Contingent fees vary as to percentage and how that percentage will be calculated. Some attorneys calculate the percentage fee on the gross recovery. Others calculate the contingent fee only after expenses of litigation have been deducted from the recovery, what is called the net recovery. The latter calculation works somewhat in the client’s favor.
Contingency on Gross Recovery
Let’s assume there is a contingent fee of 40% on the gross recovery. A gross settlement is negotiated for $200,000. There were $20,000 in expenses of litigation. The $20,000 in expenses is deducted from the gross recovery, but the 40% fee is also calculated on the gross recovery.

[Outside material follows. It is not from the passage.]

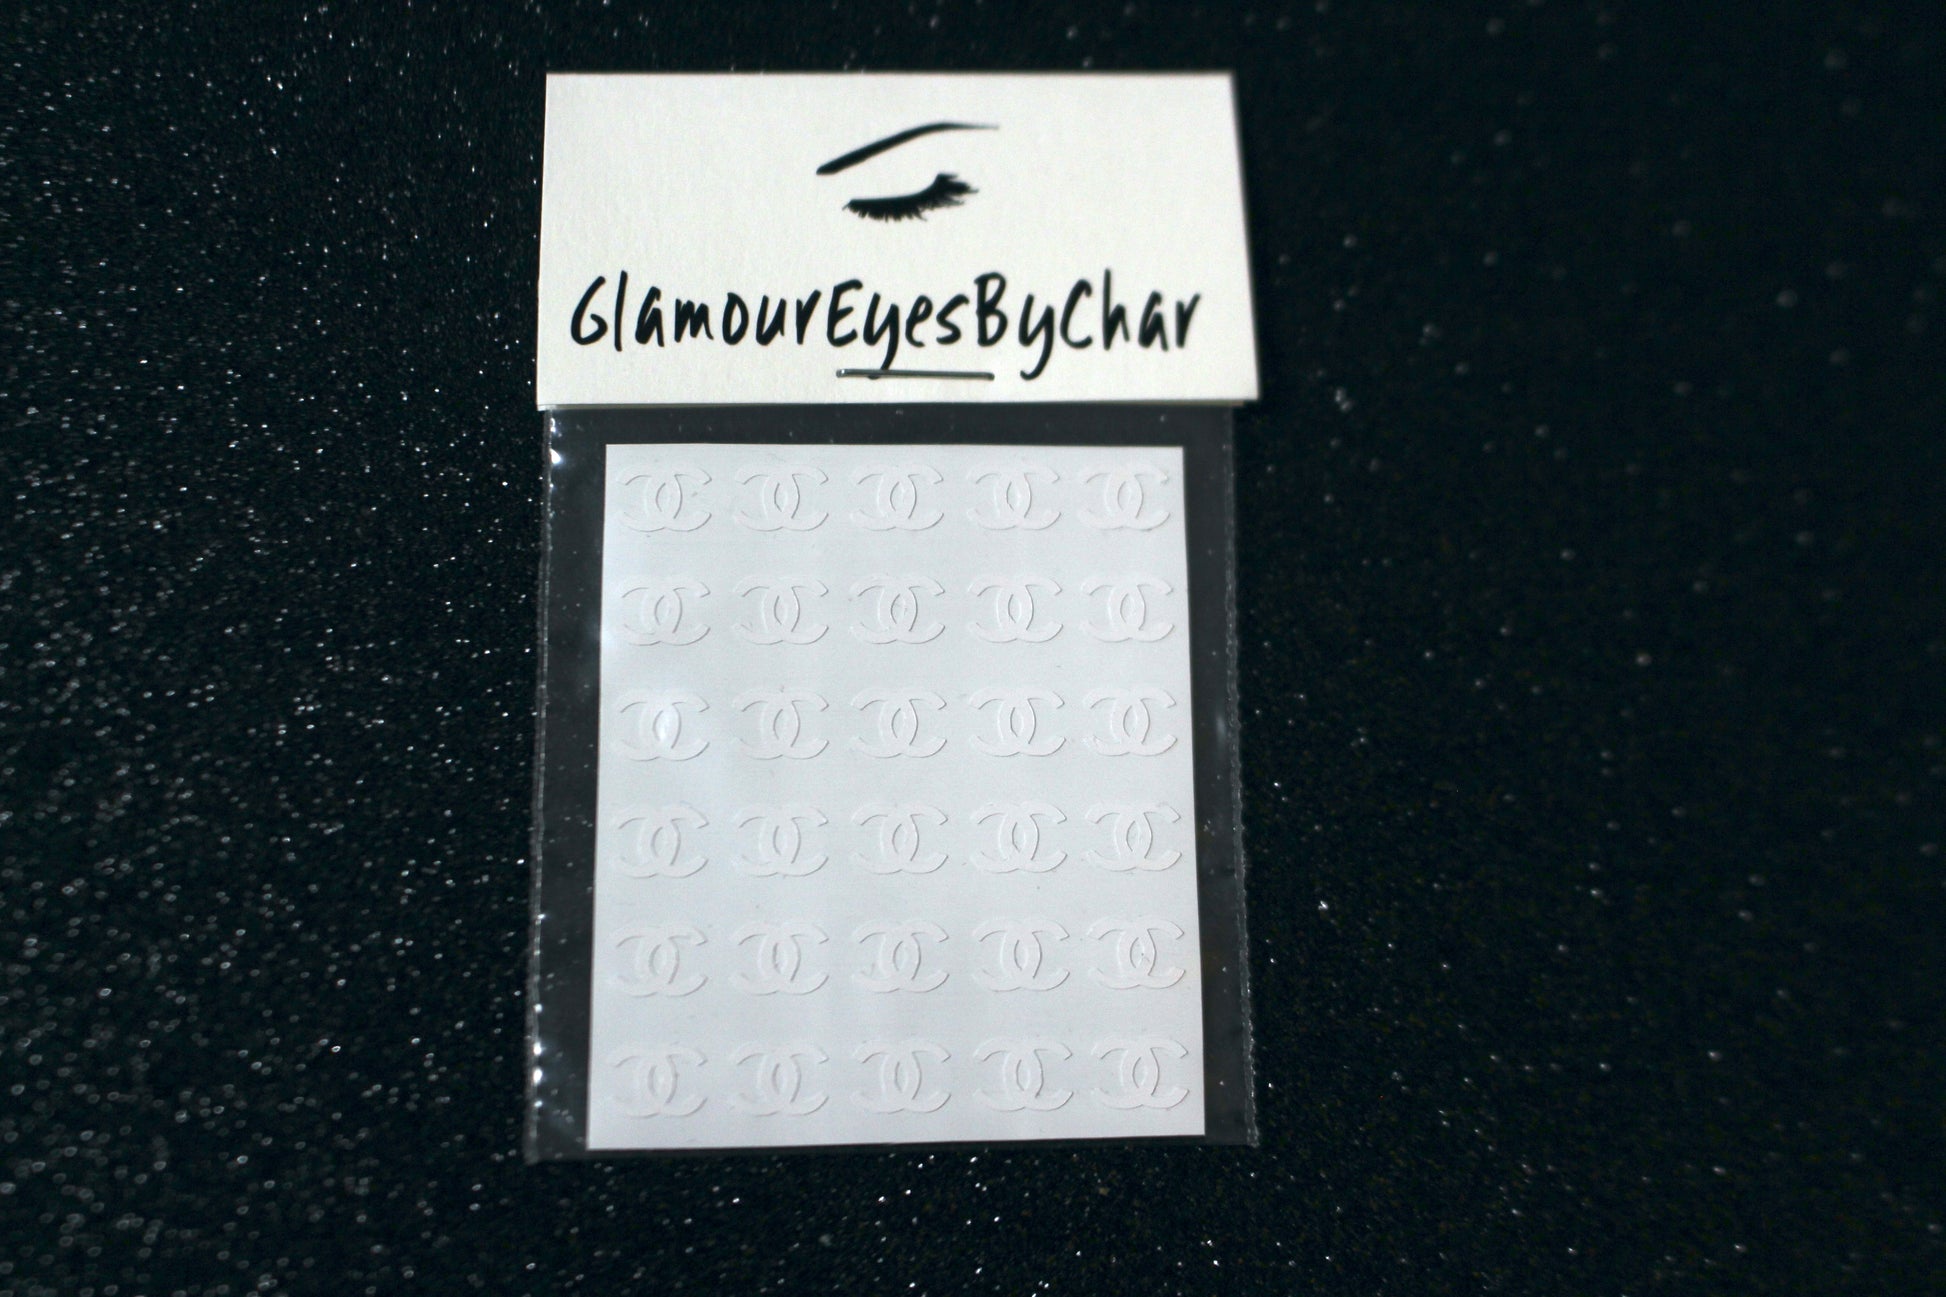 No need to go to the nail salon. Spice up your nails at home with these unique Chanel designer inspired nail decals. They can be used on natural or acrylic nails. You can also easily apply them on top of regular or gel/shellac nail polish. These handmade decals can also be used for body art or any DIY project. Each pack contains 30 decals and is available in 4 different colours.
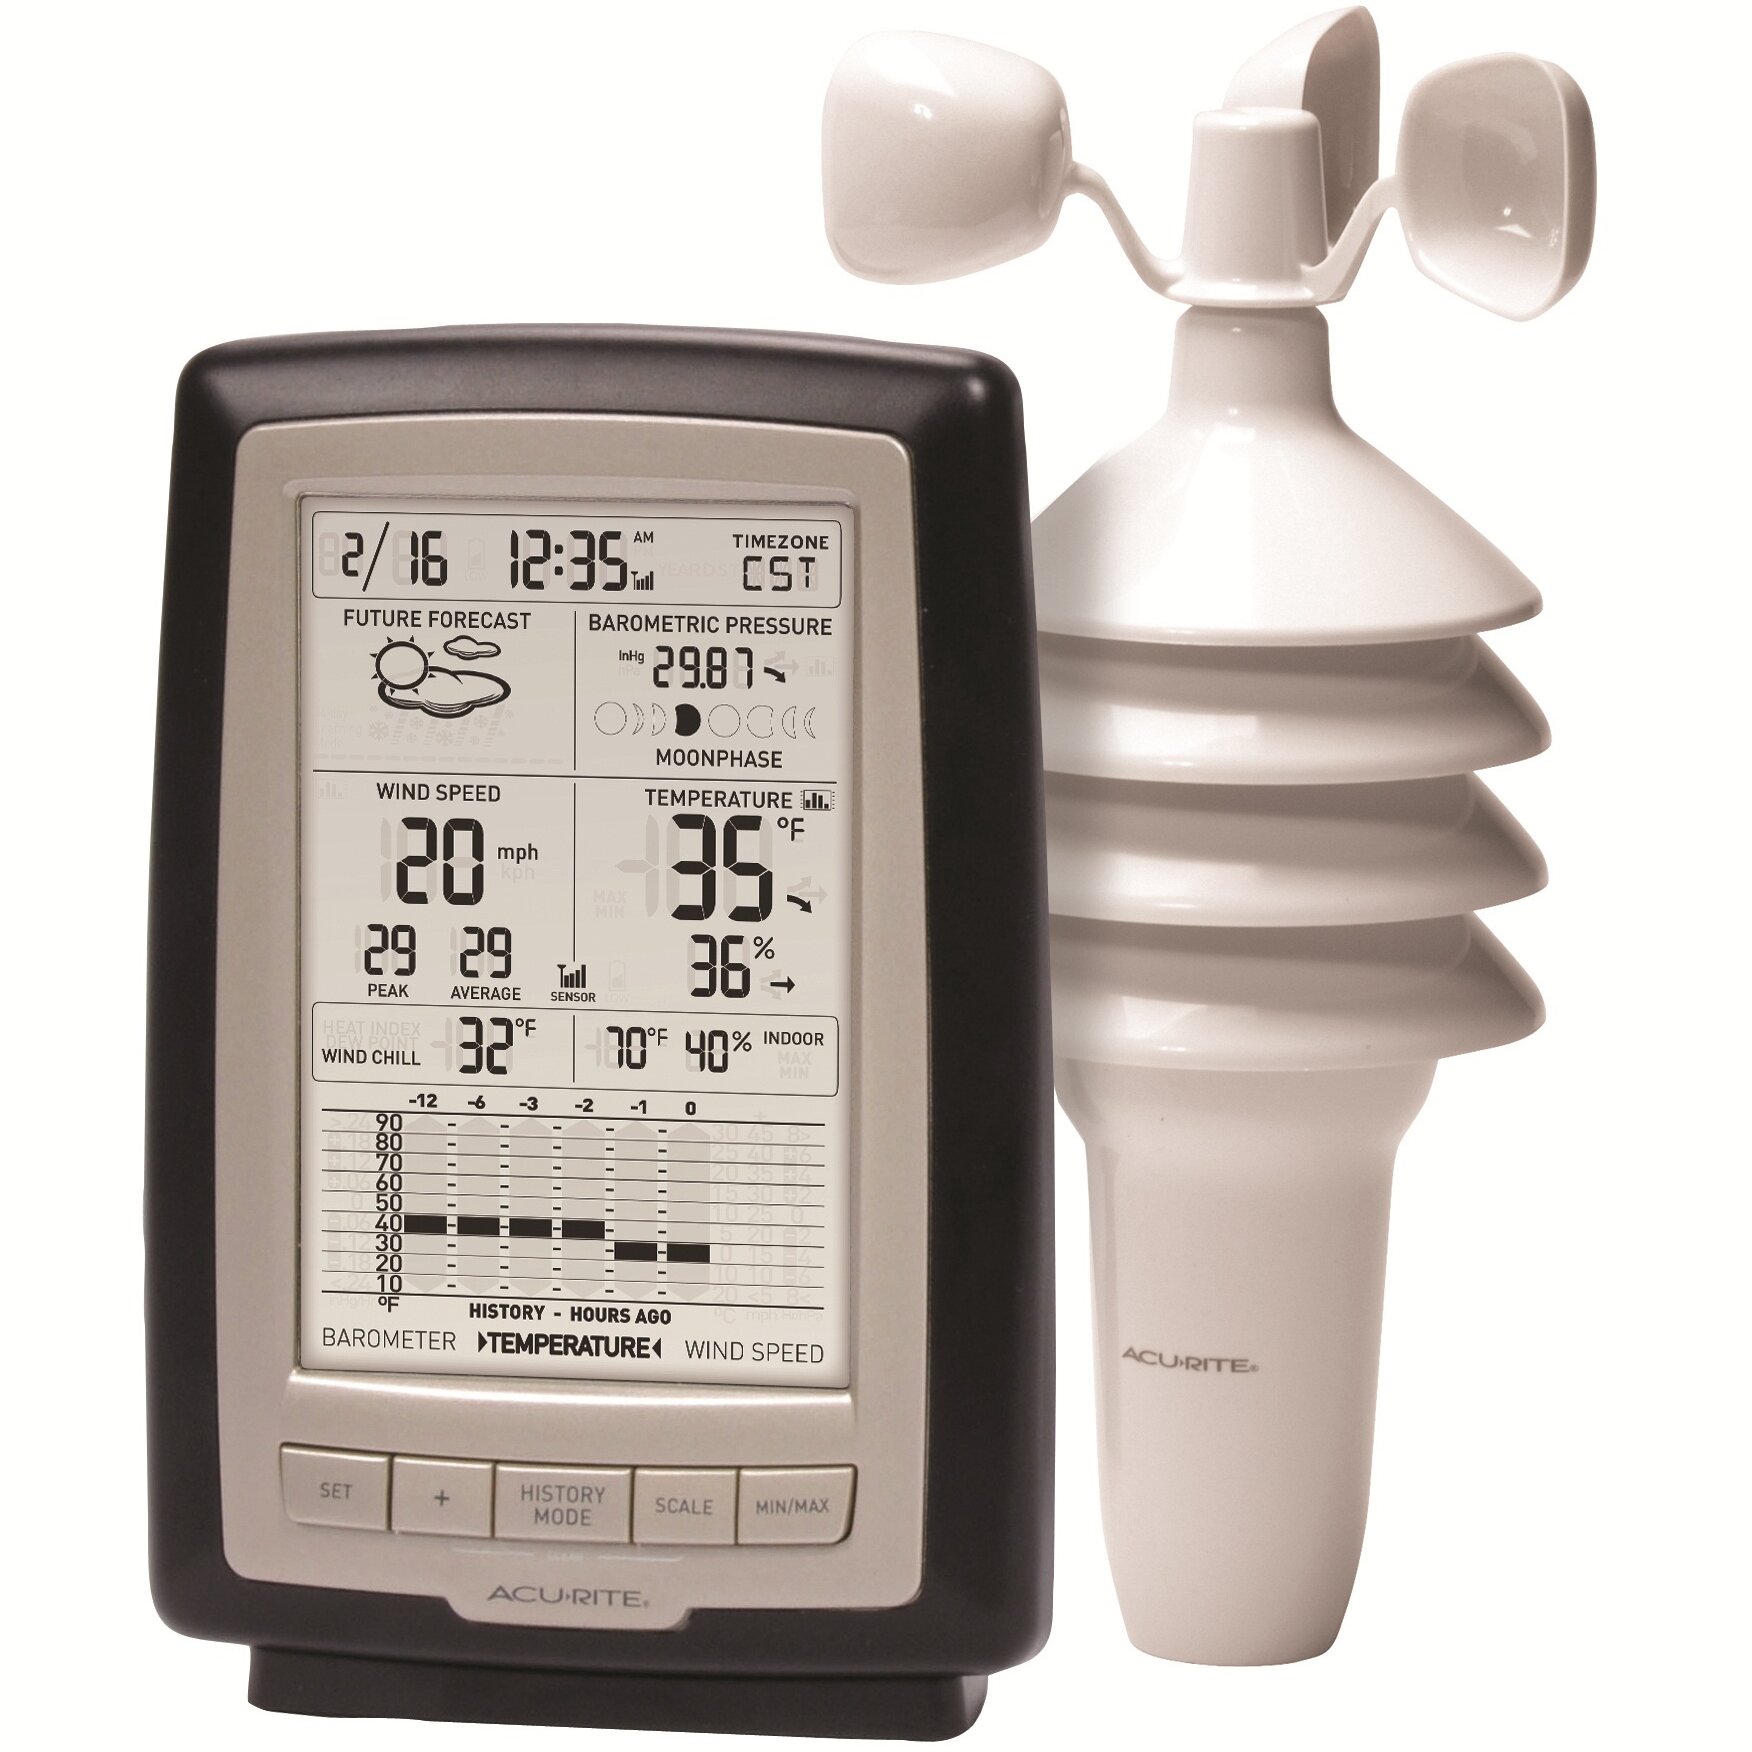 View Acurite My Backyard Weather Pictures - Acurite Wireless Center Digital Weather Station

Contingency on Recovery After Expenses
Now, let’s assume there is a contingent fee of 40% on the net recovery after expenses. This time the ultimate net recovery to the client is calculated after deduction of expenses.
What is a proper percentage? In a general sense, a percentage fee is based on the attorney’s risk. How much time is the case likely to take? How much will it cost? How long will it take? What are the chances of success? All these factors are considered by a contingent fee attorney.
Some clients are willing to advance some or all the expenses. Since the attorney’s risk is correspondingly lower, he may be willing to work for a reduced percentage fee. Percentage fees vary based on jurisdiction, experience of the attorney, type of case and risk. Fees should never exceed 50%, whether calculated on the gross or the net. 40% fees are common, and some attorneys are willing to work for less if the case is settled before trial.
Do not select an attorney based on the quoted percentage. Many times, you get what you pay for. A good attorney with experience in sexual abuse cases, working on a 40% contract, may get you more money resulting in a better net recovery for you than the attorney who offered to handle your case for 25%.